Monday, December 22, 2025

The Pleasures of Reading, Viewing, and Listening in 2025, pt.13: Cheryl Morgan

 


The Pleasures of Reading, Viewing, and Listening in 2025

 by Cheryl Morgan

The trouble with running a publishing company is that you end up reading lots of books that you can’t review. Not to mention a whole bunch of books that may never get published. This has been cutting down the amount of reading for review that I can do a lot.

Having said that, I’d like to start this year by heaping praise on something we did publish. I am truly honored to have Chaz Brenchley’s Of the Emperor’s Kindness in our catalogue. It is an amazing piece of work.

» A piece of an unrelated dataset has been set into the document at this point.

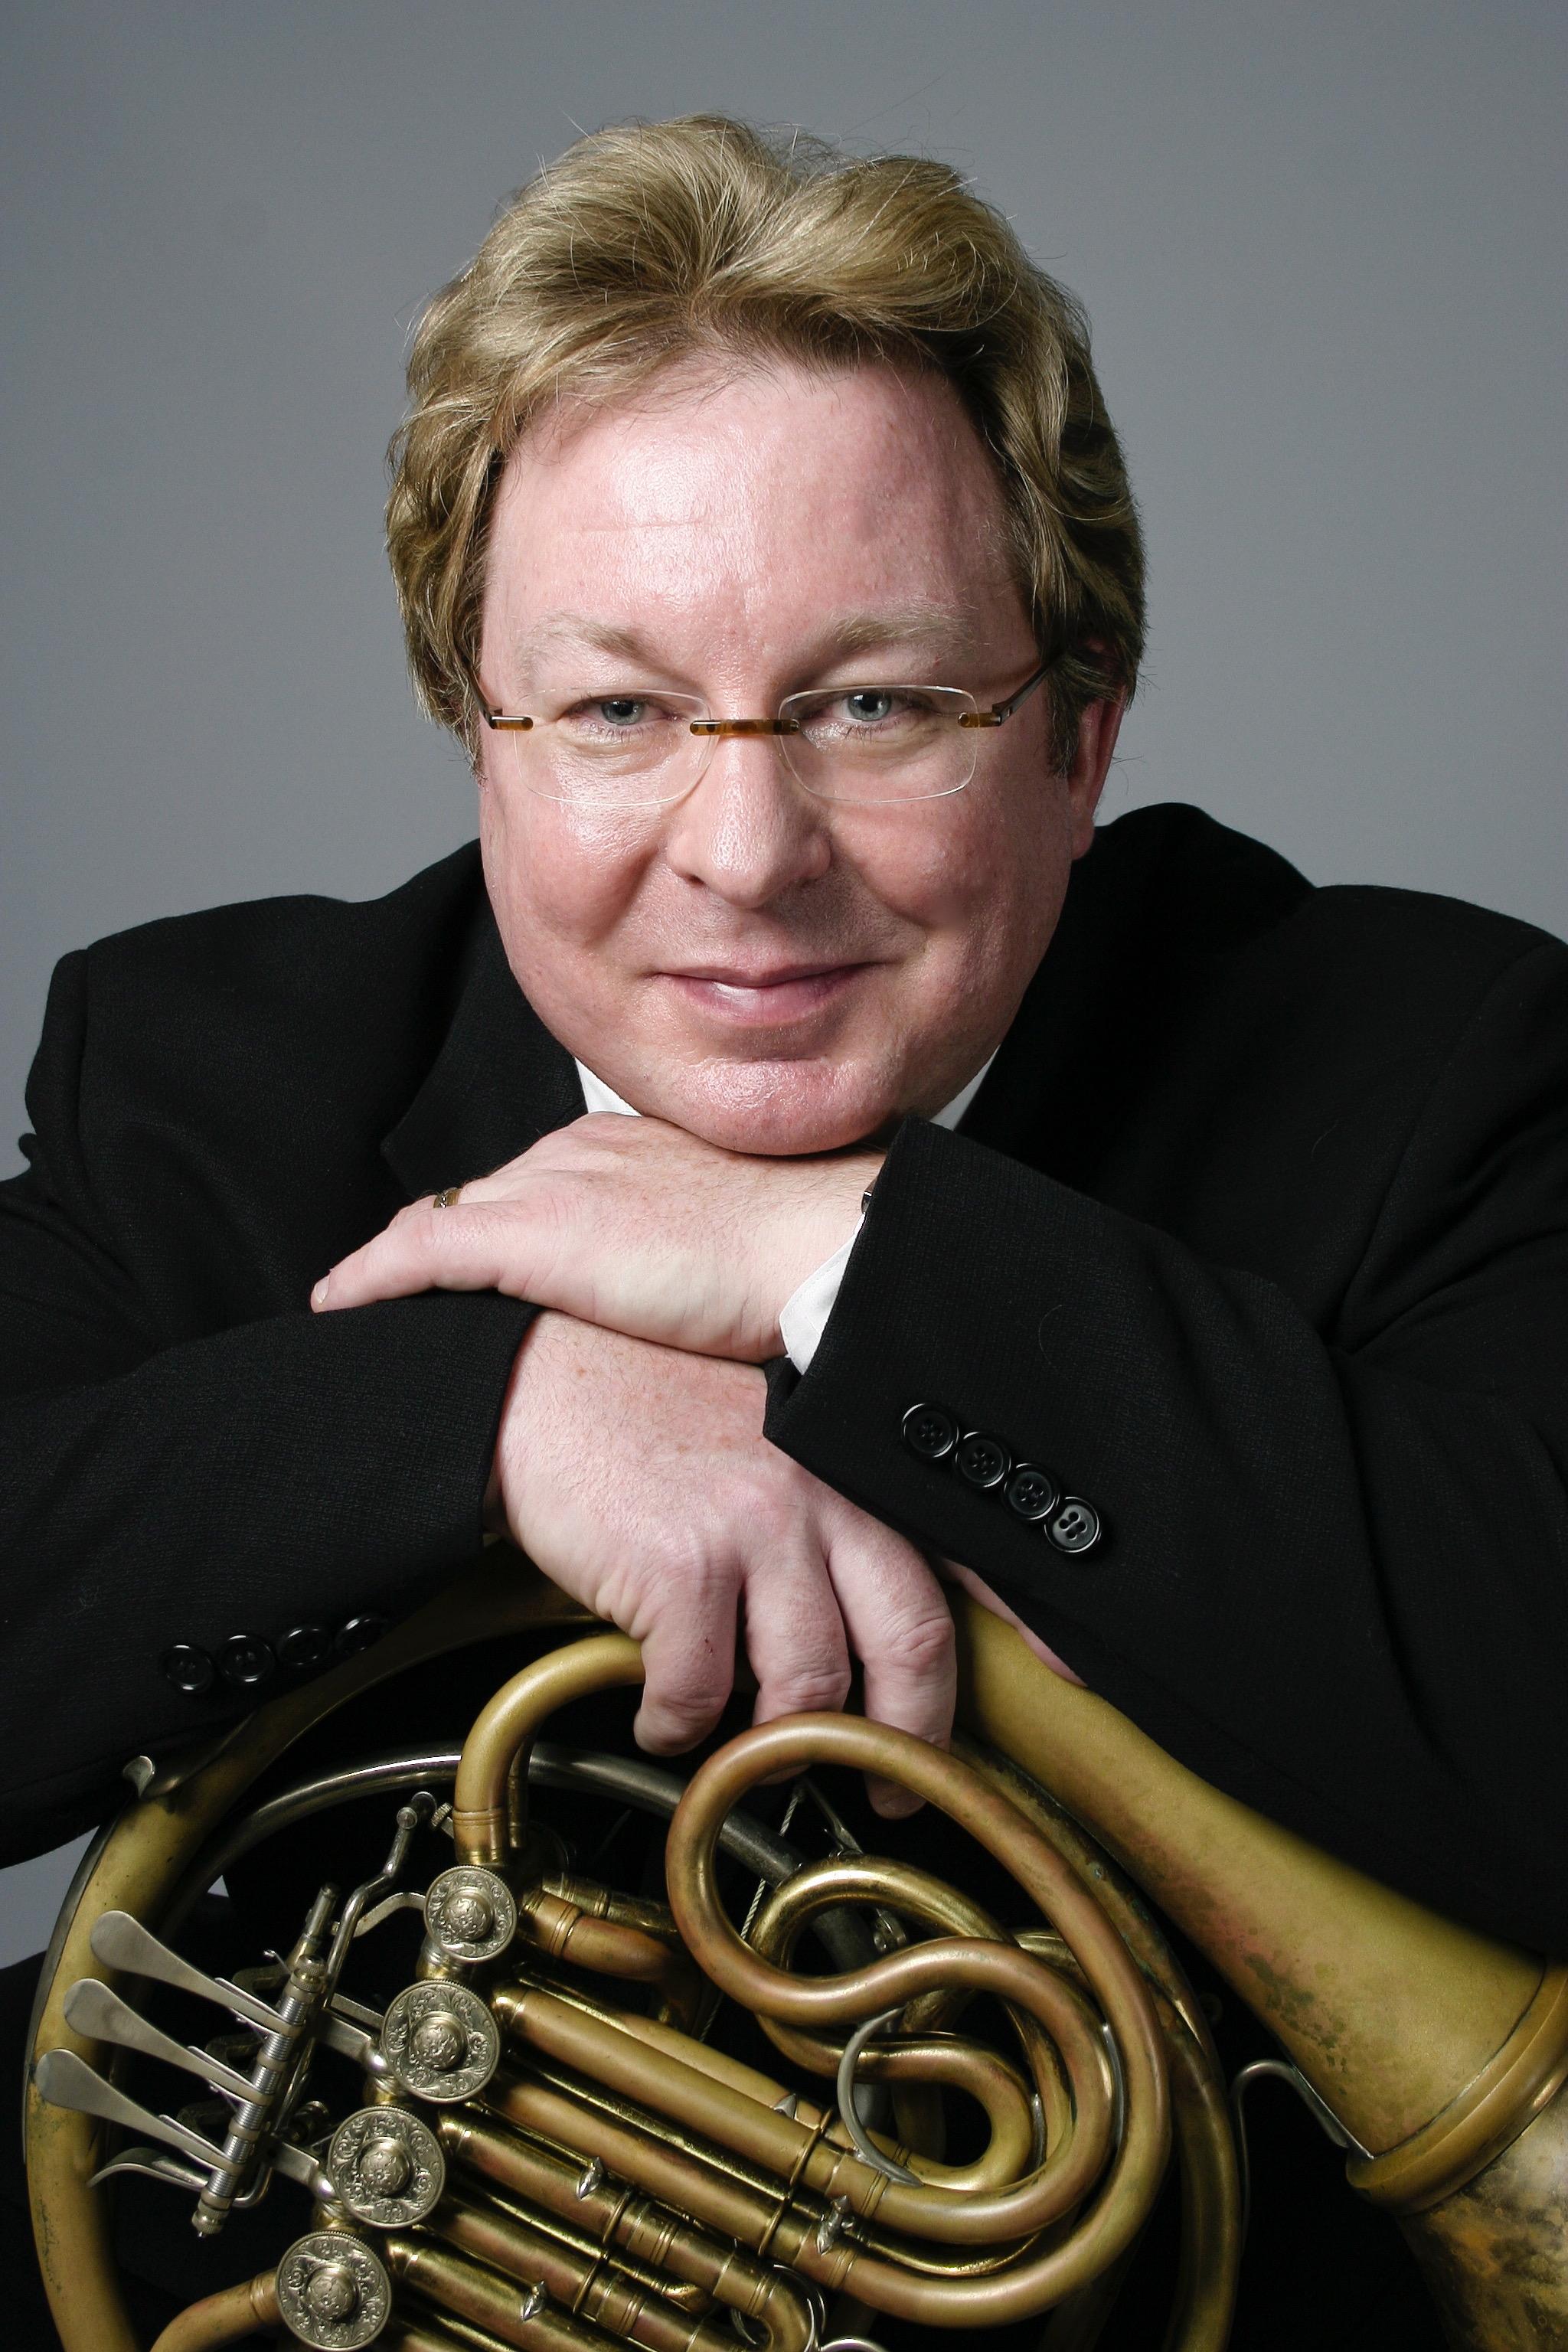 William VerMeulen

Chaz, of course, has been around a long time. One of the dreams for a small press is to discover someone brilliant at the start of their career. My friend, Francesca Barbini, who runs Luna Press Publishing, did that with Lorraine Wilson. Raine, as she prefers to be called, has now made the step up to working with Solaris, and she has produced two fabulous novels for them. We Are All Ghosts in the Forest and The Salt Road are set in a post-collapse world which is haunted by the ghosts of things on the internet. Quite how that can be is never explained, but I think that just adds to the atmosphere.

This has been a year in which there is a new novel by Guy Gavriel Kay. That’s always a cause for celebration. Written on the Dark lives up to the very high standards that Kay sets for himself. Novels by Nalo Hopkinson are rather less frequent, but Blackheart Man has finally seen print and is well worth the many years I have been waiting for it.


I am trying to read more books by trans people because I worry that, in the current political environment, they will be finding it very difficult to sell new work. Charlie Jane Anders is perhaps the highest profile trans writer these days, and I think that Lessons in Magic & Disaster is the best thing she has done. M M Olivas is at the start of her career, but Sundown in San Ojuela is a very promising piece of horror that I think should appeal to fans of Liz Hand.

 

Other novels that have stood out for me over the past year are The Tapestry of Time by Kate Heartfield, Alien Clay by the amazingly prolific Adrian Tchaikovsky, The Folded Sky by Elizabeth Bear, and Tomb of Dragons by Katherine Addison.

I have been reading a lot of novellas because they are short and that enables me to up my review count. I had to do some catch up for award season, and very much enjoyed The Dead Cat Tail Assassins by P. Djèlí Clark. However, it is my personal opinion that The Practice, The Horizon and the Chain by Sophia Samatar should have won all the awards.


For this year I am continuing to enjoy various ongoing novella series including The Potency of Ungovernable Impulses by Malka Older, The Gnomes of Lychford by Paul Cornell, What Stalks the Deep by T Kingfisher and A Mouthful of Dust by Nghi Vo.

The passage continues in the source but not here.